A Trip To Isaac Newton’s Home

The other day me and my dear ol’ parents visited the childhood home of Isaac Newton, Woolsthorpe Manor just on the border betwixt Lincolnshire and Leicestershire.

On the way in there’s all our system’s planets in wicker (think they must have got rid of Pluto, turned it into a basket or something. Waste not want not…)

The manor itself has a crossbone motif over the door (eek!)

I wasn’t impressed by the public toilets, frankly.

Young Isaac wasn’t much of a farmer: his family got fined when he left a load of cattle on a hill, so deep was his absentminded thought experiments.

Talking of which, in the garden was the famous apple tree he sat beneath, the one where seeing an apple fall set him on the road to discovering gravity. Had he have not seen an apple drop at that very moment, would he ever have had his insight? Might history only recall him, if at all, as a particularly crap farmer?
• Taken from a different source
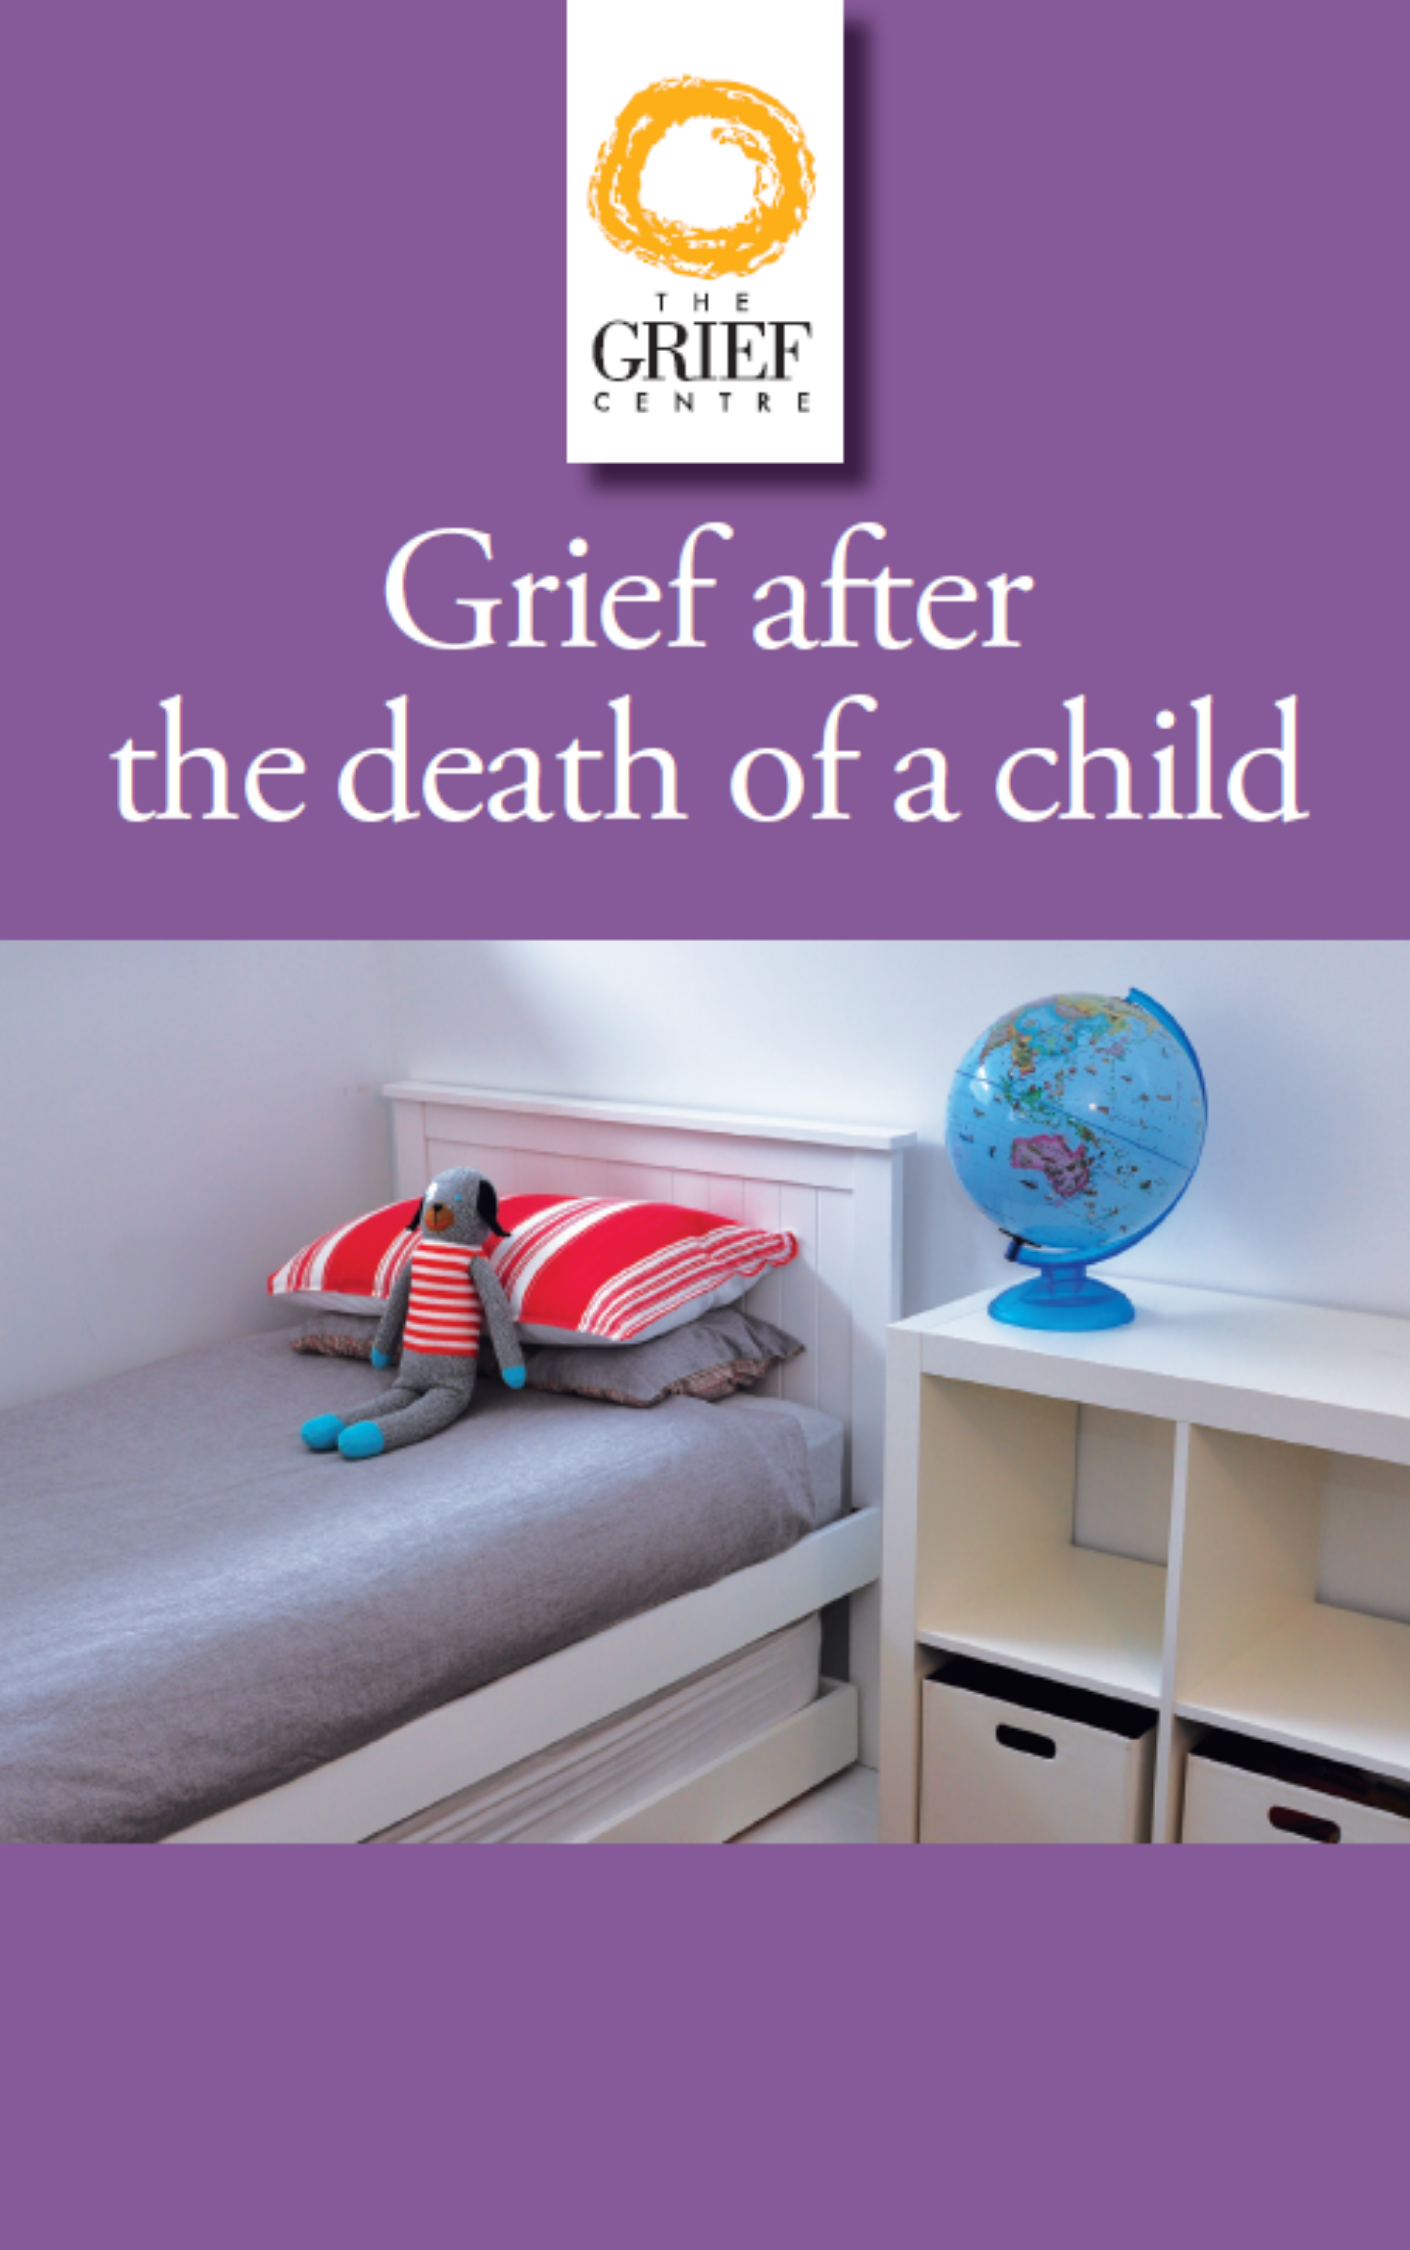 Grief After the Death of a Child Booklet

Anyway, here’s Mum before said tree…

Cuttings of the apple tree have been taken around the world. Copies of the tree now grow at many universities, some as far away as Japan. The tree’s done enormously well out of gravitation, all told.

Every year they prune the tree a little. Bits are sold in the gift shop for a shockingly cheap price. So I got me a keepsake…

So, if there’s a lack of scientific rigour in my science fiction, at least there’ll be a little science history in my coat pocket.